THE DATA>
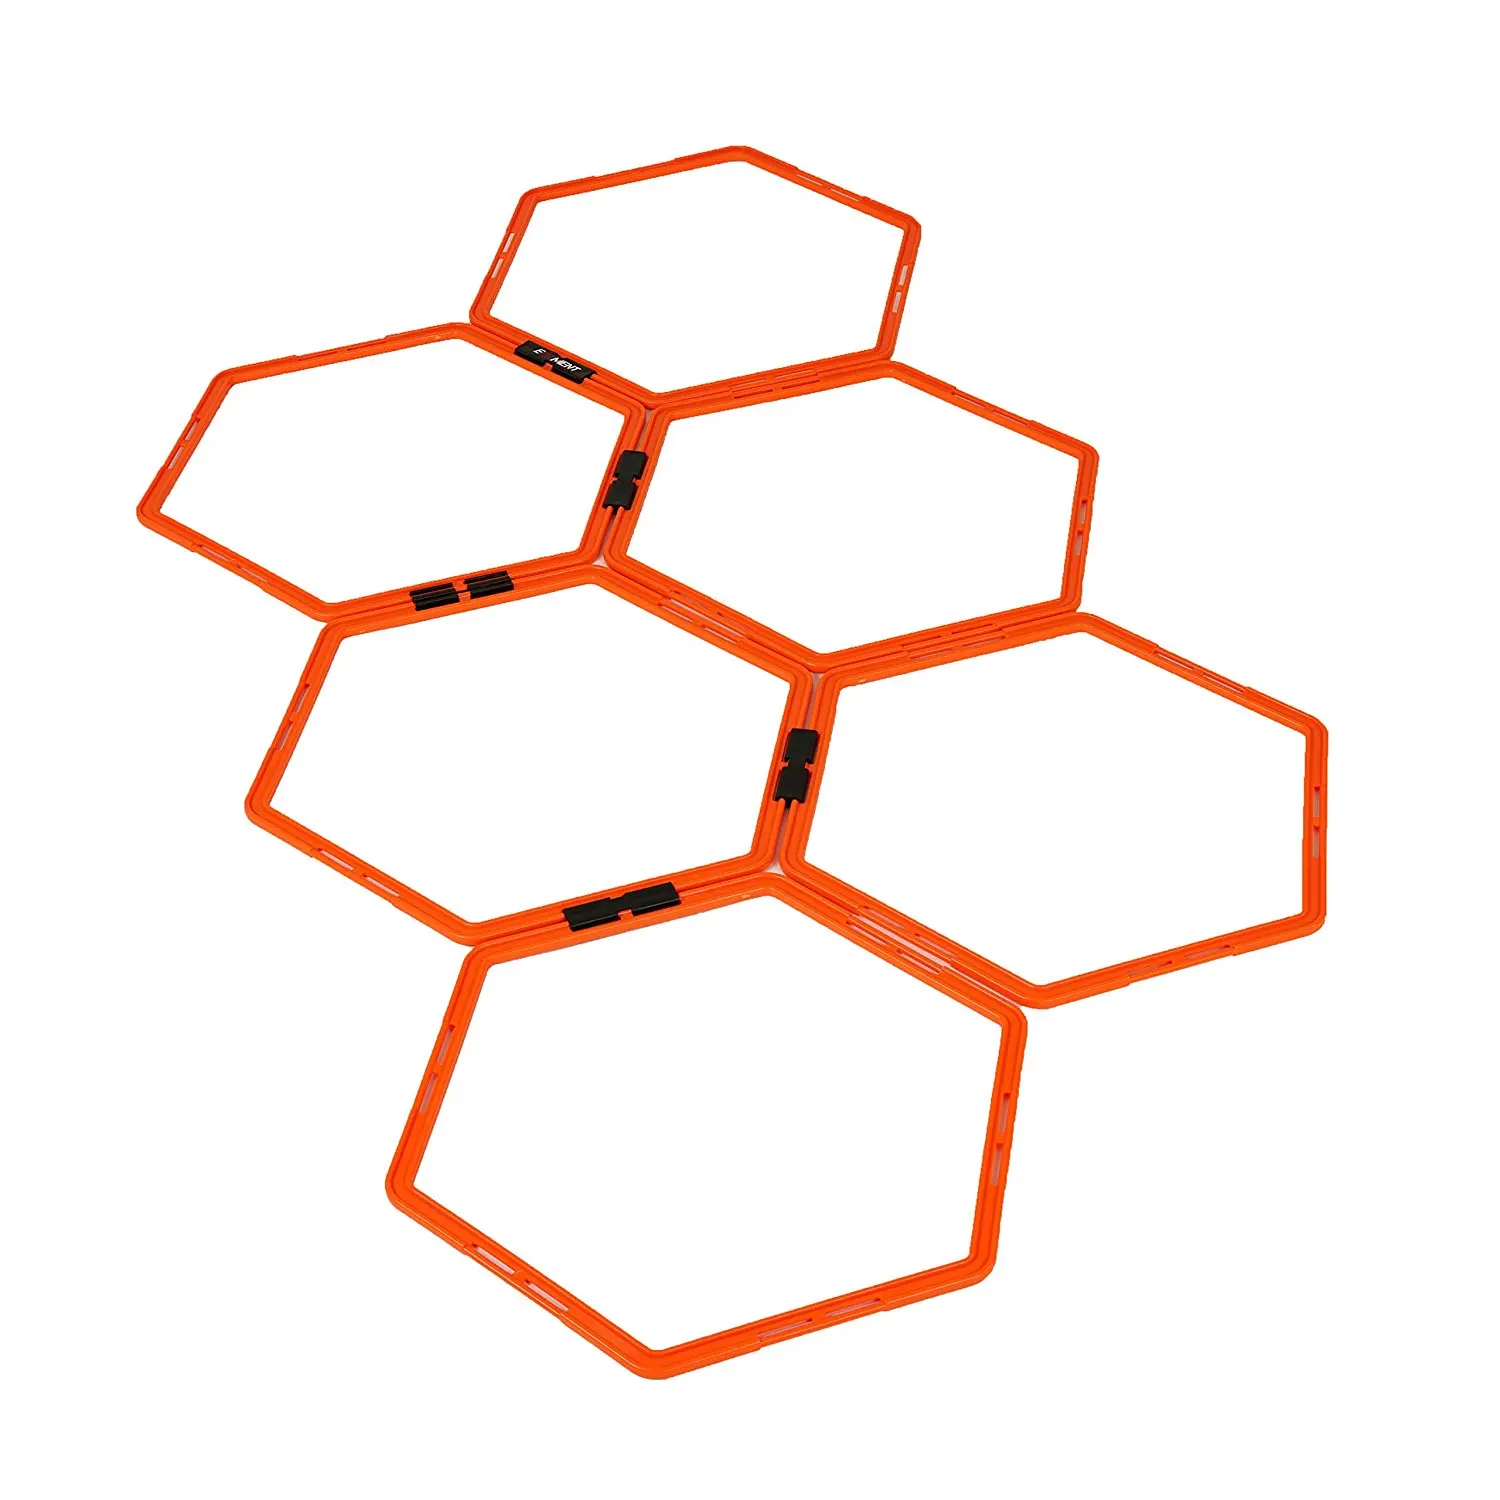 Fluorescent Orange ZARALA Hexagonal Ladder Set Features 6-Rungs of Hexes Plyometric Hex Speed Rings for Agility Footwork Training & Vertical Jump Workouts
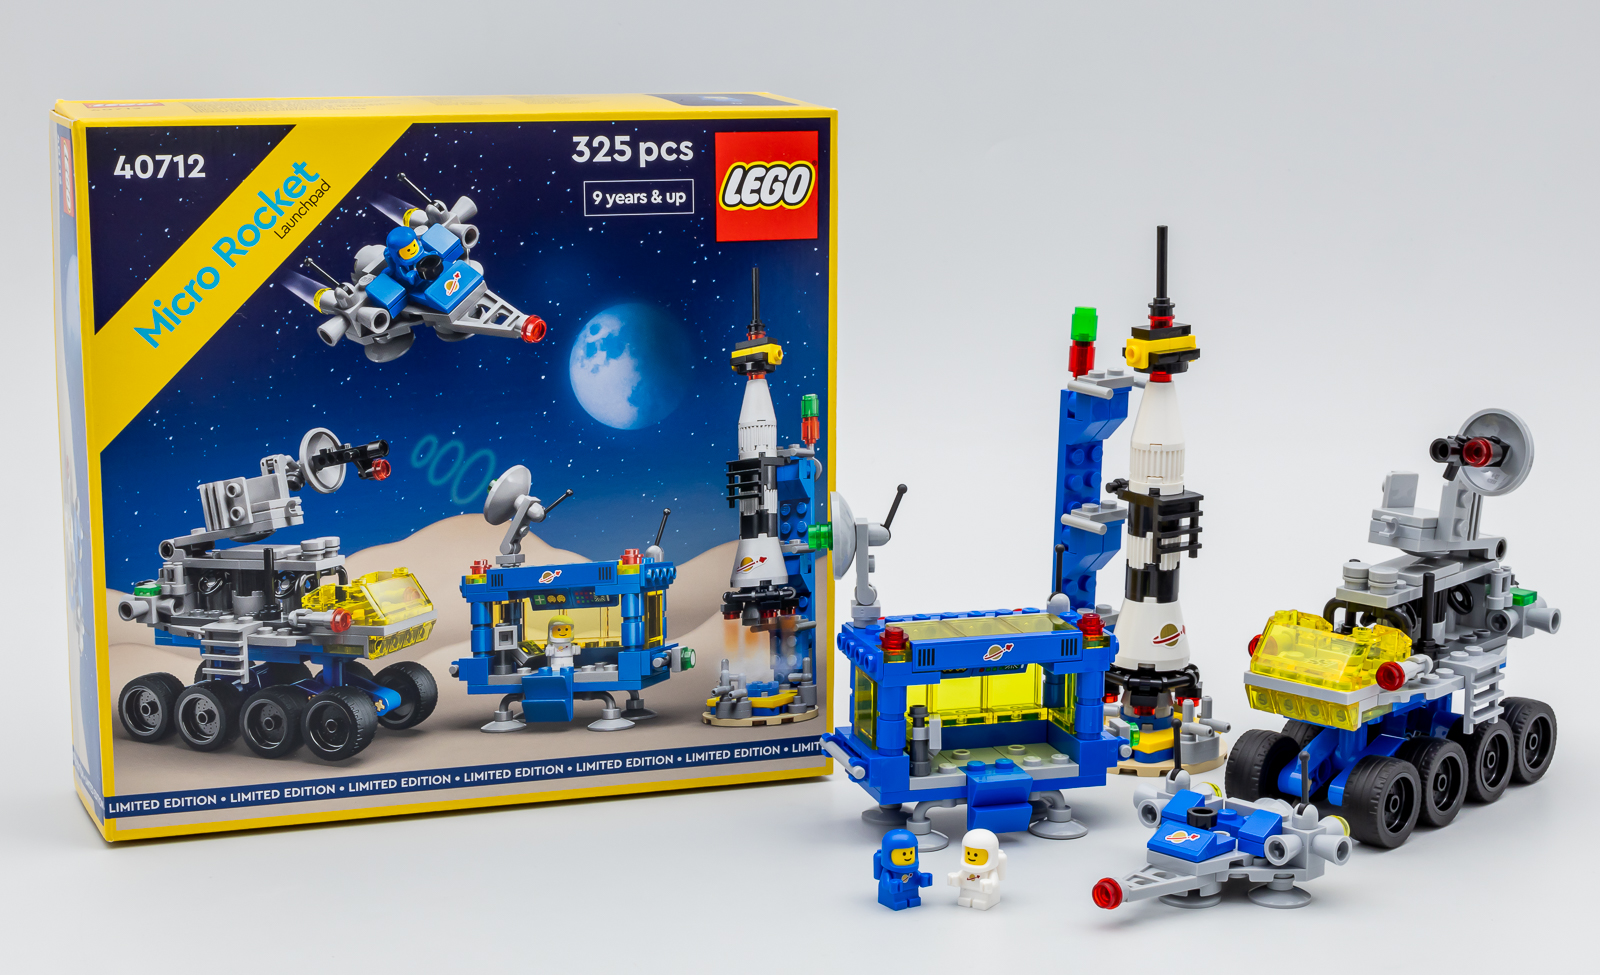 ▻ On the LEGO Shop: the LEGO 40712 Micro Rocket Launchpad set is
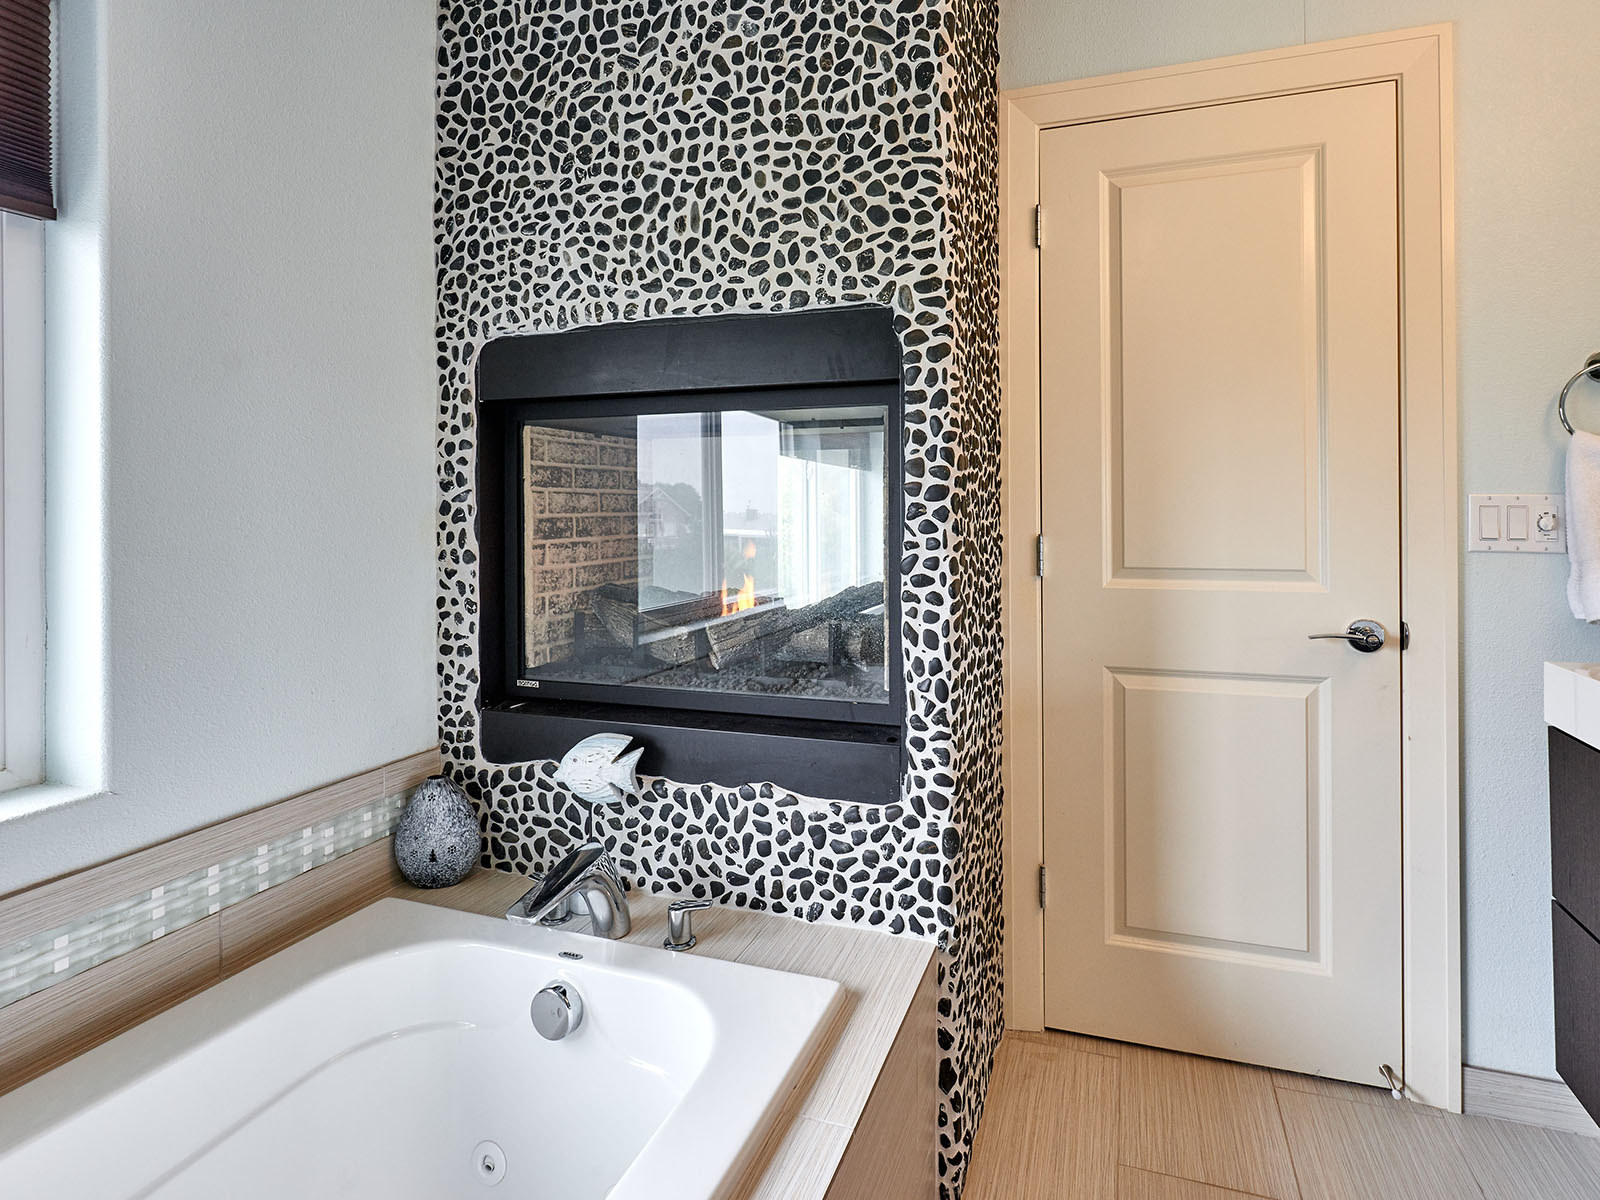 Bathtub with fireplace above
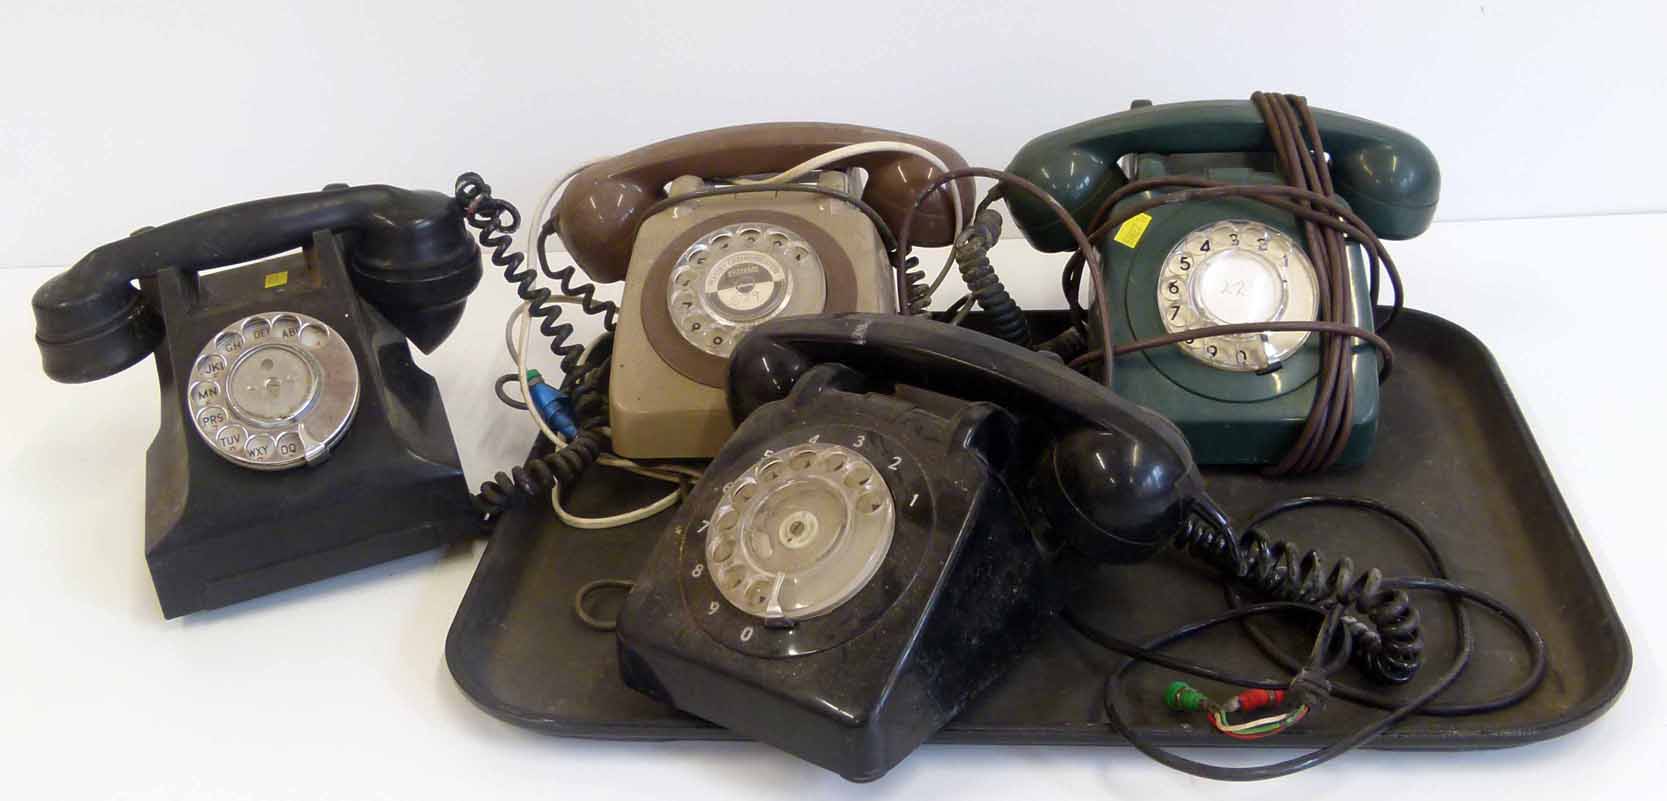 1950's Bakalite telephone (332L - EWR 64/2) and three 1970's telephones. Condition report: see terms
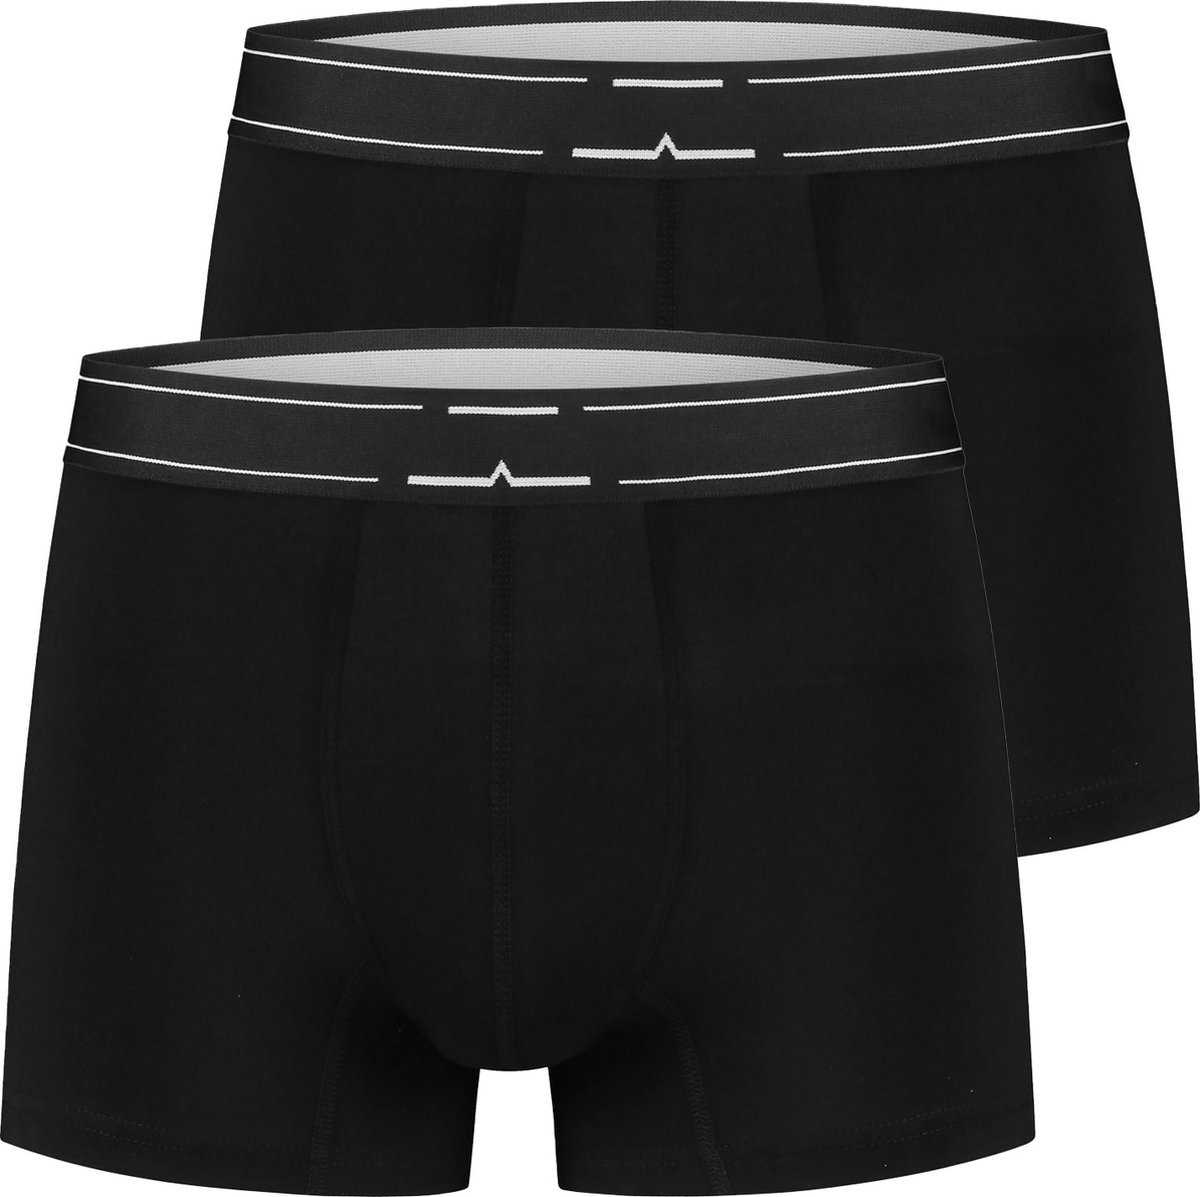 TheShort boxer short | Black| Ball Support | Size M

HOW TO COMPLETE THIS TASK>
The answer should be the records above, unchanged, with the pictures omitted.

TASK RESULT>
 Fluorescent Orange ZARALA Hexagonal Ladder Set Features 6-Rungs of Hexes Plyometric Hex Speed Rings for Agility Footwork Training & Vertical Jump Workouts
 ▻ On the LEGO Shop: the LEGO 40712 Micro Rocket Launchpad set is
 Bathtub with fireplace above
 1950's Bakalite telephone (332L - EWR 64/2) and three 1970's telephones. Condition report: see terms
 TheShort boxer short | Black| Ball Support | Size M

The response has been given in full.